AnnOmaly,
You are one astute lady! You posting deserves answers since you started this thread to begin with and reviewed my book so fairly and eloquently.
You must have received the paperback version of the book because we are not allowed to put page numbers on Kindle and Nook versions. I probably should have put page numbers in the table of contents for that paperback version, but I didn't like the way it looked when I tried it. I hoped that by my putting headings on each chapter it would help you find that chapter again if you needed to, rather than page numbers on the TOC. I guess I was wrong. I will correct this on the second printing... if I ever have enough books sold to justify that effort.
My general rule of thumb was that I would obscure the name of any big shot that I was remotely critical of, but not worry about it if I wasn't really critical of them. It's why I named Fred Franz or Sydlik or Gangas, but hid other GB and hid heavies like the power hungry RW. I really didn't want my book to be about calling out people by name as bad guys. I was more interested in the lesson of the story rather than getting revenge on a particular person.

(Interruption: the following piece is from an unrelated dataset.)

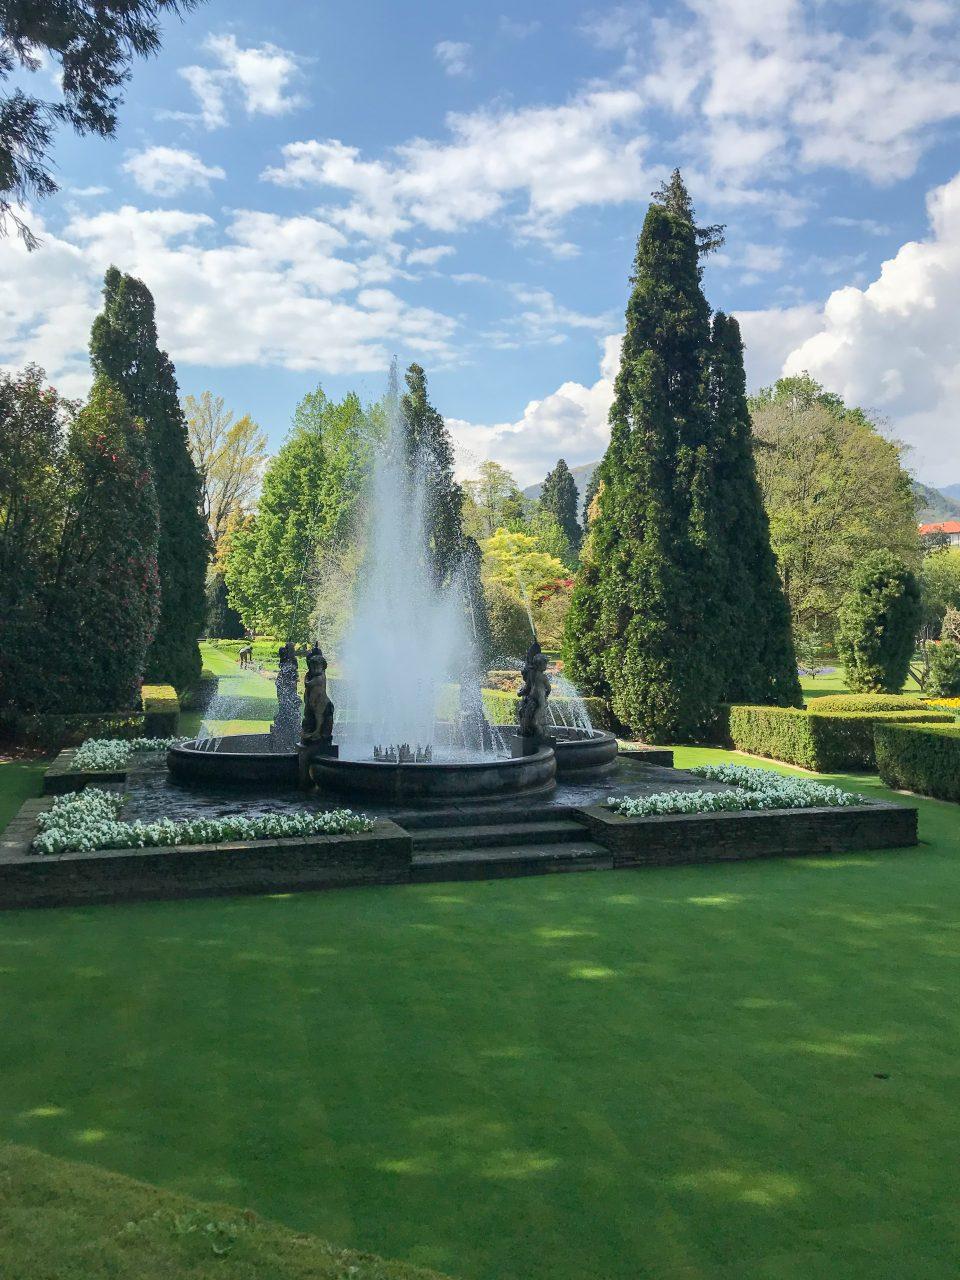 Villa taranto - istanti in viaggio

GS (first name later revealed as Gene) was a different issue. I actually liked Gene very much at my stay at Bethel. But many ex-JW's hate this guy. I guess I didn't want those ex-JW folks to read my book, get distracted with that and say "Really, you LIKED that guy? Are you kidding?" So, after I wrote his parts, I later thought to remove his name too. I left in the first name by mistake in one passage that you have now pointed out. Oh well. I this still obscures him to all but the most astute and clued-in people like yourself though, so I have no regrets on that. I probably will take his name out completely on the second edition.
Ray Franz the nephew was mentioned that way at first, then, typo, slip-of-the-brain, I called him brother later. My editor didn't catch it and neither did I on my many reviews. Oops. Another 2 edition correction needed.
Finally, yes, Michael Jackson was suspected of child molestation, even way back then. He had not been put on trial for it at that time, but he still had that strange and unsettling fixation on children even in those days. So, the gay, child molester epithets flew at the Holy House of God, even in the 1980s.